# disney reservation



## slomac (Mar 30, 2015)

So I have my RCI confirmation for Saratoga Springs.  What is the website I go to to add the names to the reservation and set up dining reservations?


----------



## Weimaraner (Mar 30, 2015)

Go to My Disney Experience

https://disneyworld.disney.go.com/plan/my-disney-experience/

We stayed at Saratoga Springs in November and really enjoyed it. Loved the easy access to Downtown Disney. Enjoy!


----------



## slomac (Mar 30, 2015)

Thanks,  I do not see a confirmation number on teh confirmation.


----------



## m4travels (Mar 30, 2015)

slomac said:


> Thanks,  I do not see a confirmation number on teh confirmation.

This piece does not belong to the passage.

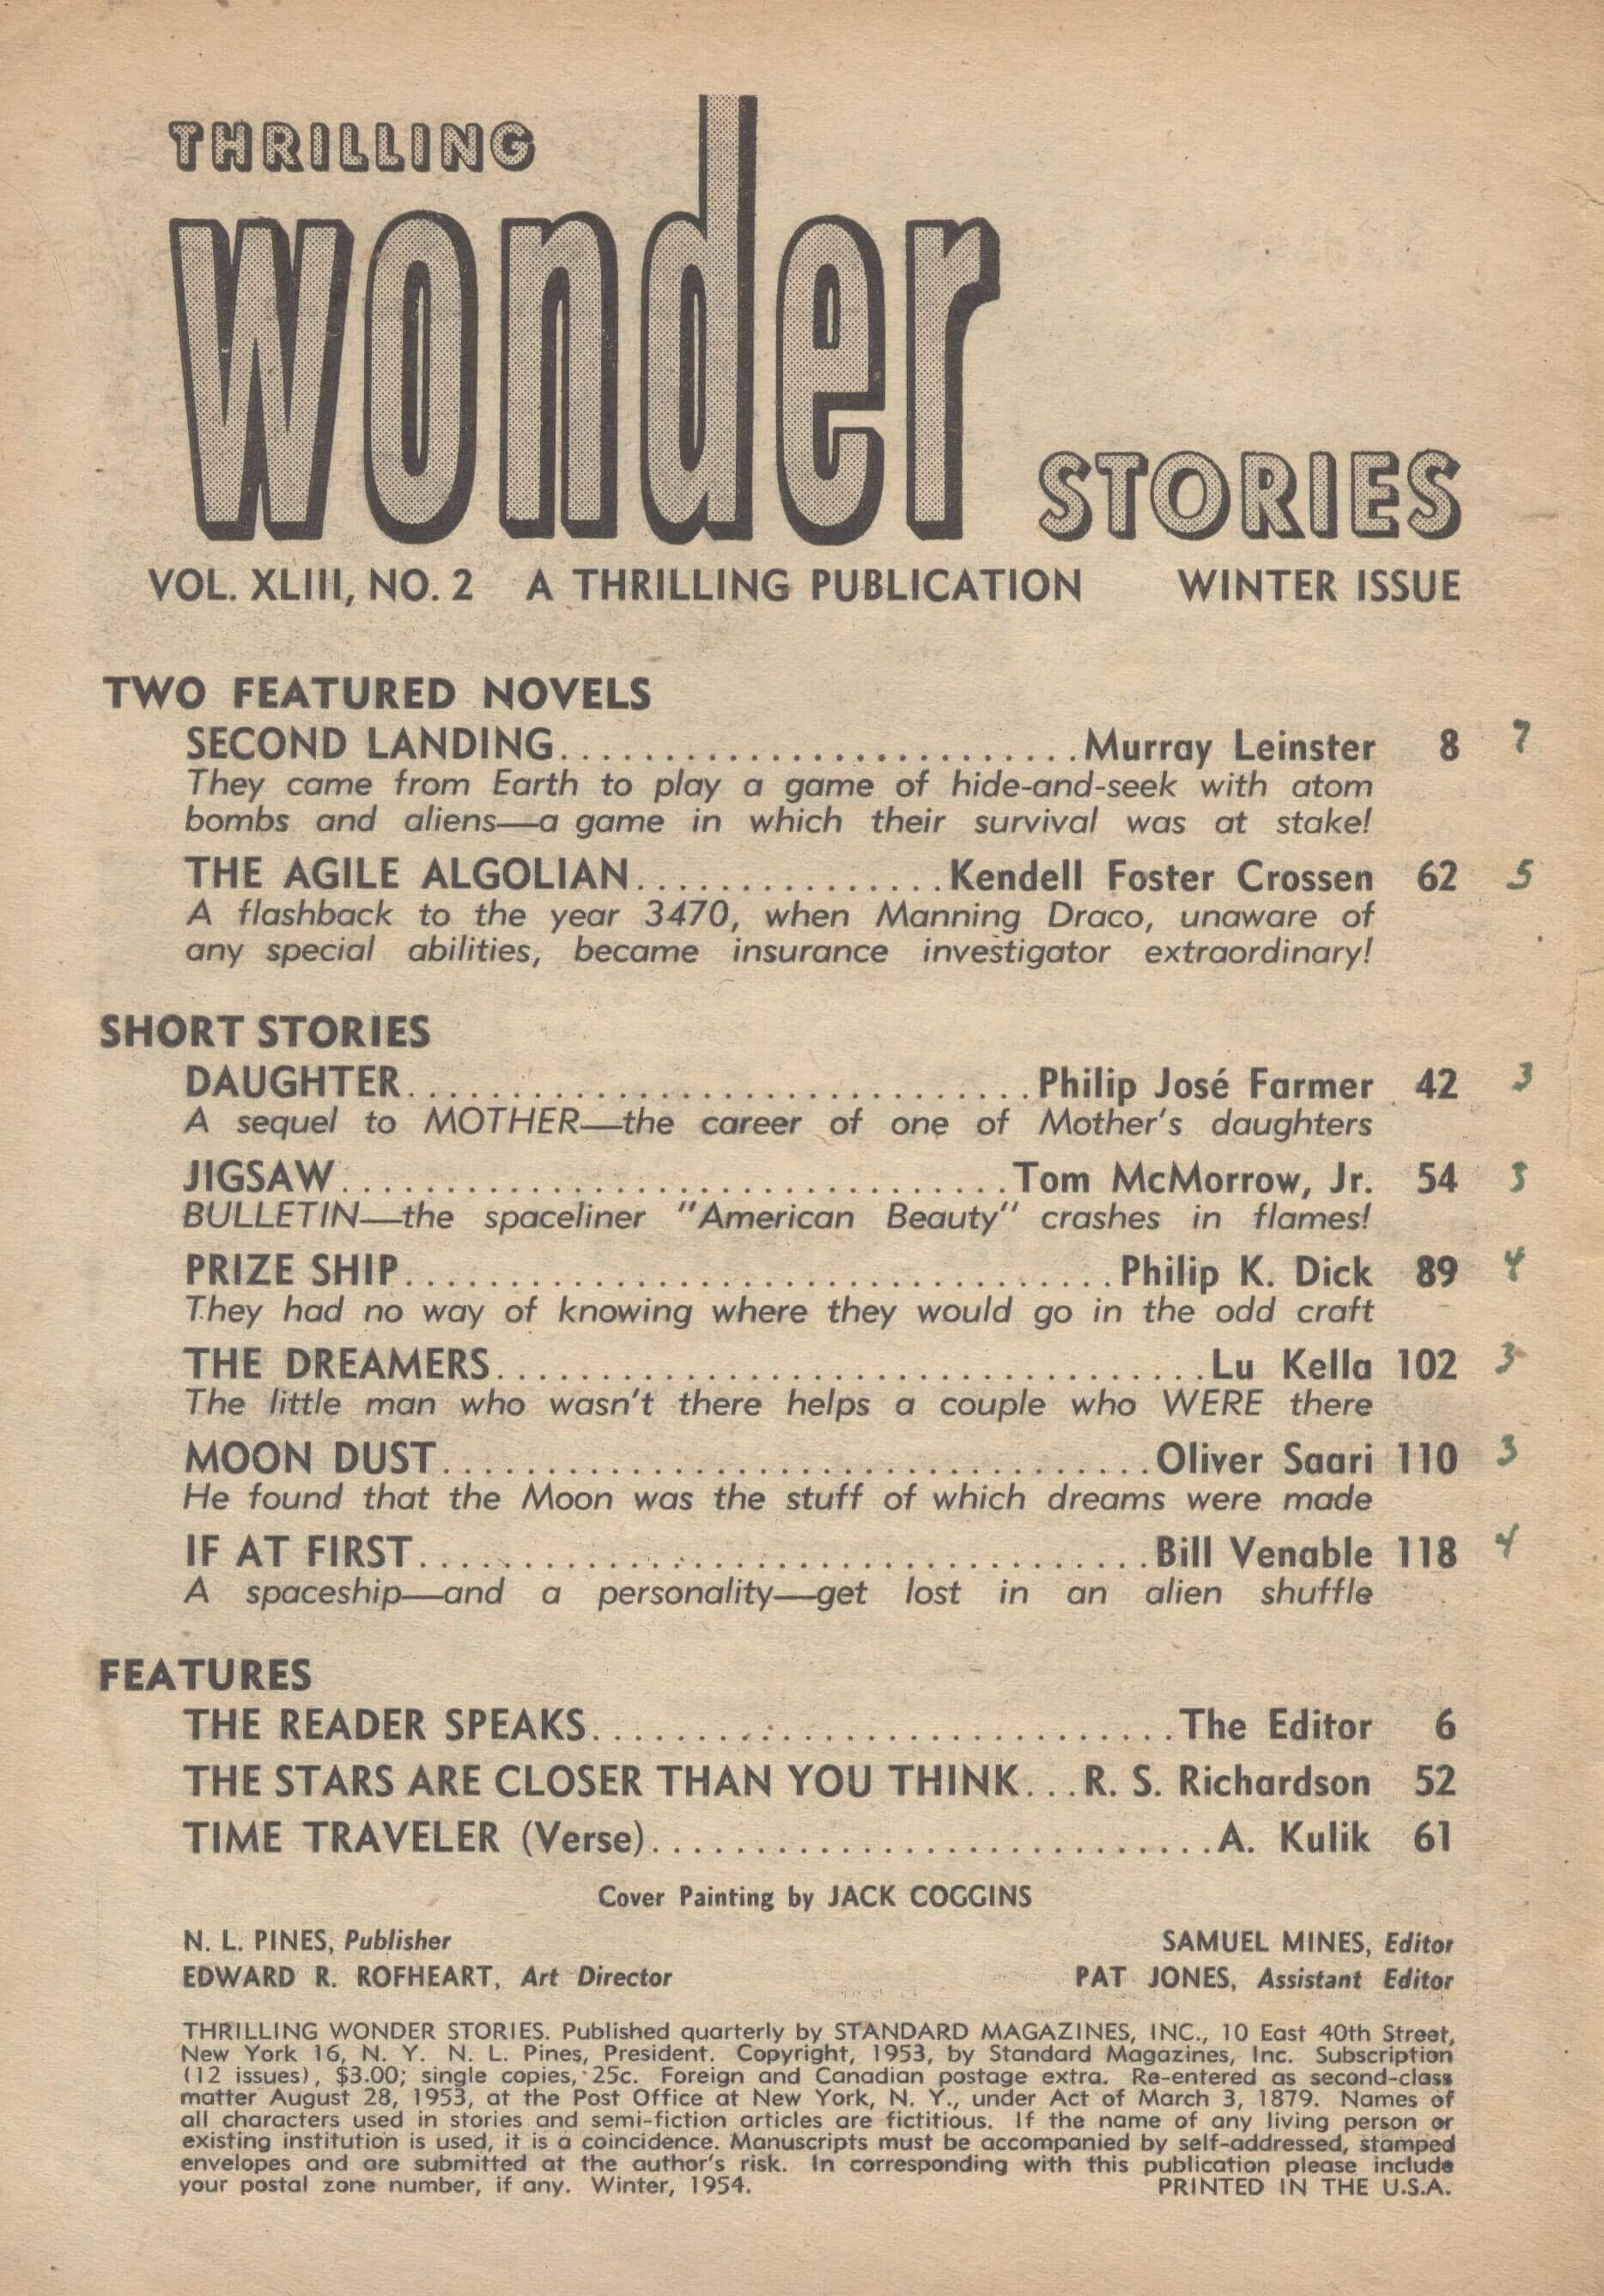 Thrilling Wonder Stories, Winter 1954 - Table of Contents

You will need to wait a few days (give it four or five days) and then call the phone number on your RCI confirmation.  Tell member services you have an inbound RCI exchange and they will look up the confirmation number for you.  They can also link it at that point to your My Disney Experience account if you already have one set up.  Just did this a week ago for our upcoming stay

Michael


----------



## piyooshj (Apr 1, 2015)

Right it typically takes 5-10 business days for you info to reach DVC from RCI. Once they have your info the can give you DVC Conf # to link you mde. You'd need them to add names of ppl in your party, and add DD. Park tickets linking and fp you can do on you own using mde. Hth


Sent from my iPhone using Tapatalk


----------



## Inhislove (Apr 1, 2015)

*Disney reservation number.*

I confirmed our reservation with rci on Tuesday and received an email from Disney with our Disney number on Monday. Don't call the number in the Disney email. Call DVC services (listed in RCI email- I think it's 800-800-9800). They will add names as needed.


----------



## Southerngirl528 (Apr 1, 2015)

Inhislove is correct that DVC Member Services' phone number is 800-800-9800.


----------